A transformer that infers whole-genome DNA methylation landscapes from gene expression, generalizing zero-shot to unmeasured CpG sites and unseen samples.
DNA methylation (DNAm) is a central epigenetic mark: the addition of methyl groups at CpG dinucleotides helps establish and maintain gene-expression programs, cell identity, and disease states. Measuring it genome-wide — by whole-genome bisulfite sequencing or large arrays — is informative but expensive, and many datasets capture only a subset of CpG sites or only some samples. Gene expression, by contrast, is measured ubiquitously. This raises a natural question: how much of the methylation landscape can be inferred from expression alone?
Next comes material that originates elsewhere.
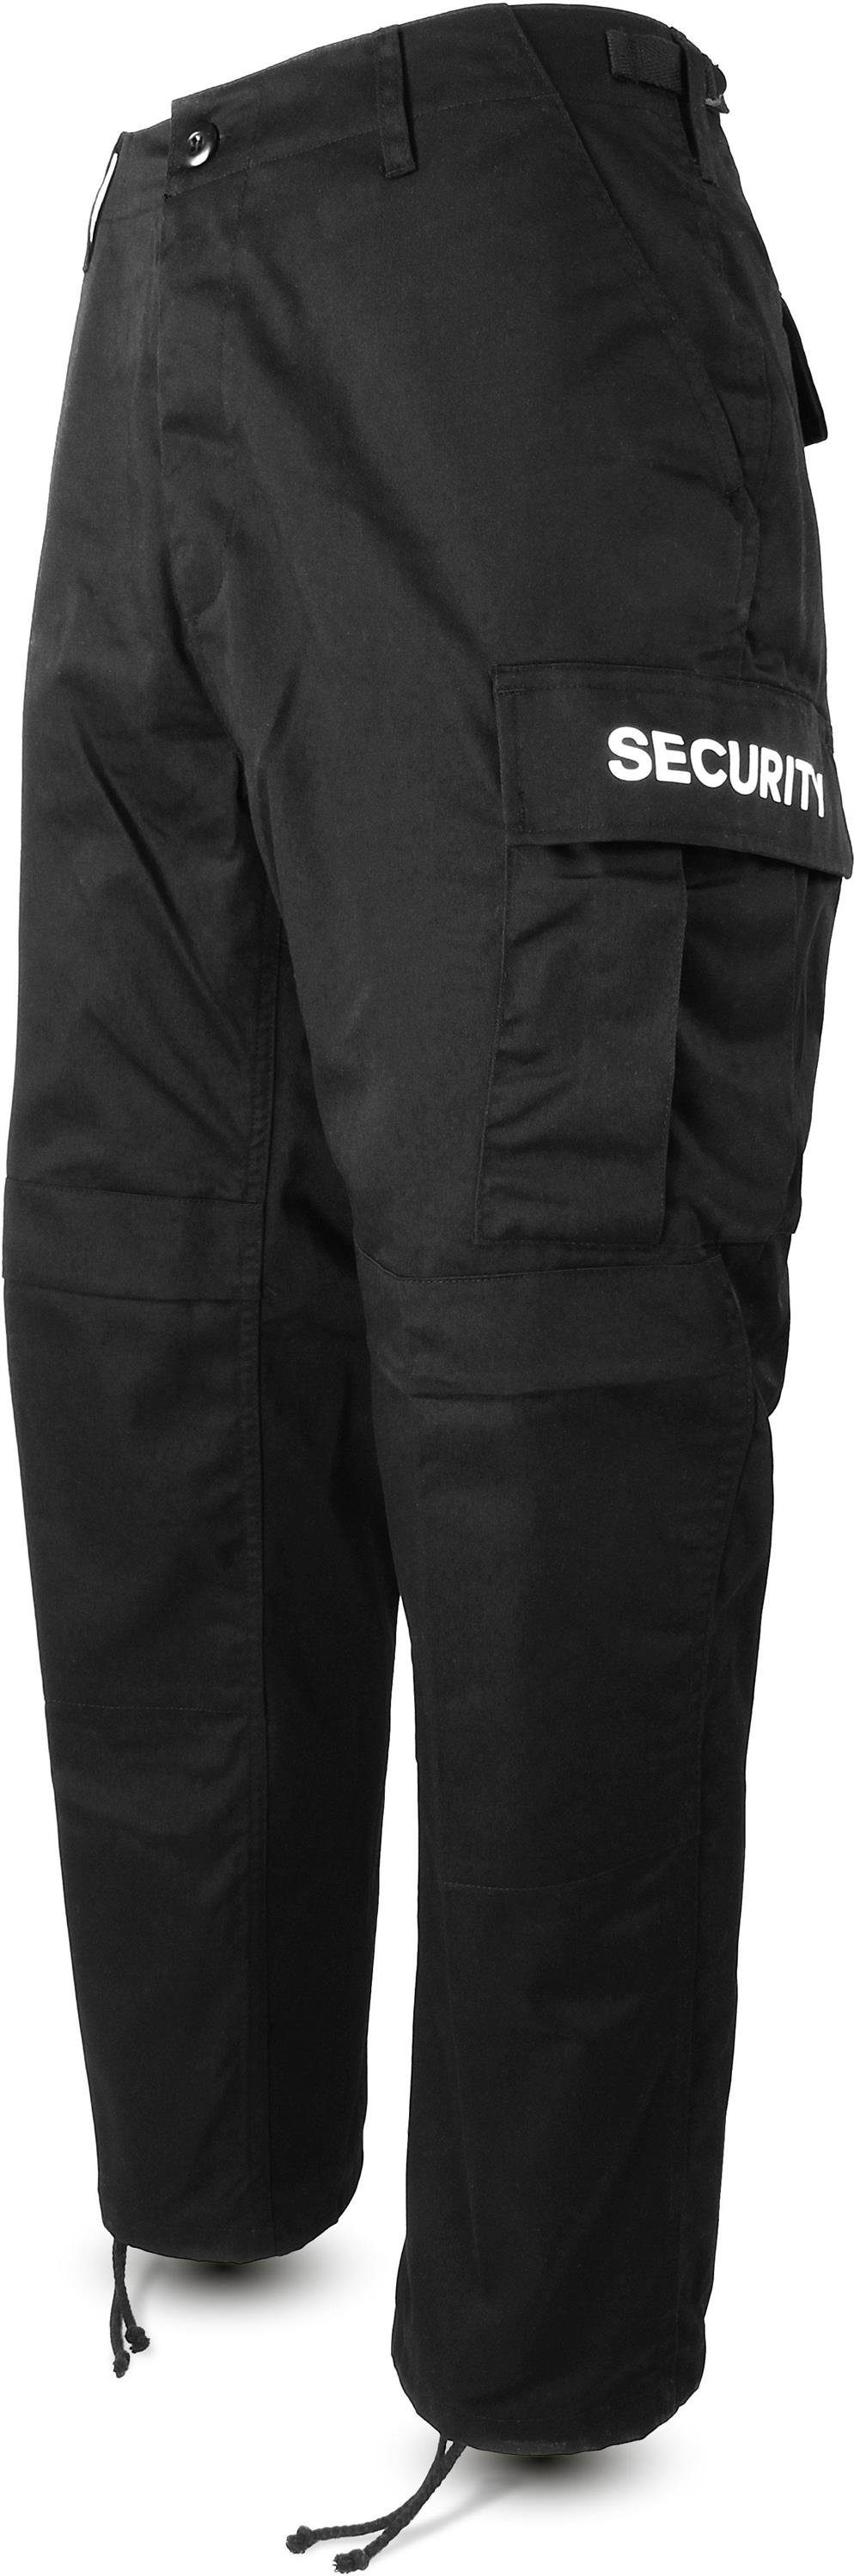 normani Outdoorhose »Herren Rangerhose SECURITY« Security Hose Feldhose  Arbeitshose mit Schirftzug beidseitig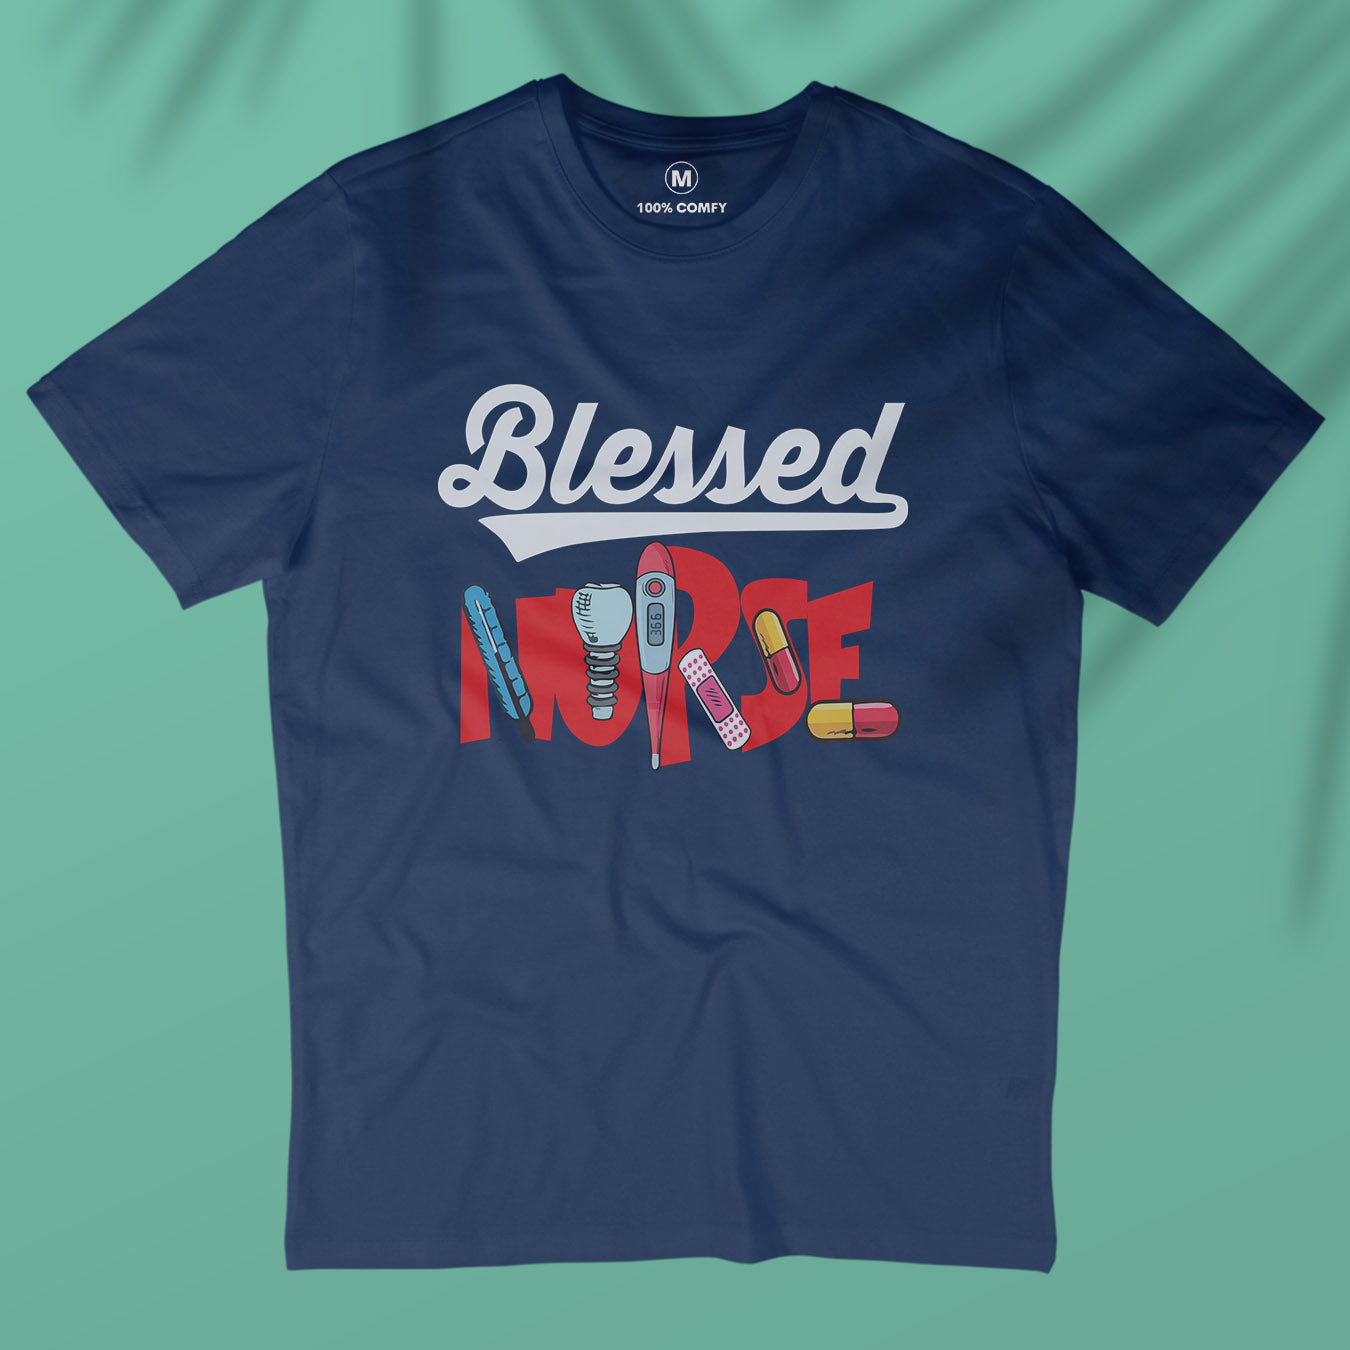 Blessed Nurse - Men T-shirt

MethylProphet, developed by Huang and colleagues at Columbia University (preprint first posted February 2025, updated February 2026 on bioRxiv), is a transformer-based model that predicts whole-genome DNA methylation from gene-expression input. Framed as a generalized, gene-contextual model, it learns relationships between expression and methylation that let it impute methylation at genomic positions that were not directly measured, and to generalize to biological samples it has not seen during training.
By learning a shared expression-to-methylation mapping rather than memorizing per-site behavior, MethylProphet aims to fill in unmeasured CpGs and extend methylation profiling to samples where only expression is available — a potentially large practical saving for studies that already generate transcriptomic data.
MethylProphet is a transformer trained on large public resources — ENCODE and TCGA — to map gene expression to DNA methylation across the genome. The authors describe training over a very large collection of CpG-by-sample pairs (on the order of 1.6 billion), giving the model broad coverage of expression–methylation relationships. Its gene-contextual design allows it to infer methylation at unmeasured CpG sites and to generalize to previously unseen samples in a zero-shot fashion. As a preprint (v2, February 2026), exact architectural details such as parameter count and context length, along with code and trained weights, are not yet publicly released; reported capabilities therefore await the full release and independent benchmarking.
MethylProphet is aimed at epigenomics and cancer-genomics researchers who have abundant transcriptomic data but limited or partial methylation measurements. It can impute missing CpG values to complete sparse methylation arrays, extend methylation profiling to samples where only RNA-seq was collected, and support studies of how expression and methylation co-vary across tissues and tumors. By reducing the need to assay every CpG directly, it could lower the cost of epigenome-scale analyses in large cohorts such as TCGA-style cancer studies.
MethylProphet tests how far a single learned model can reconstruct the methylation landscape from expression, positioning gene expression as a partial proxy for the epigenome. If its zero-shot imputation holds up under peer review, it could make genome-wide methylation estimates accessible for the many datasets that include transcriptomics but not comprehensive bisulfite sequencing. As a bioRxiv preprint without released code or weights, its results require independent validation, but the scale of training and the focus on cross-site and cross-sample generalization make it a notable entry in epigenomic foundation modeling.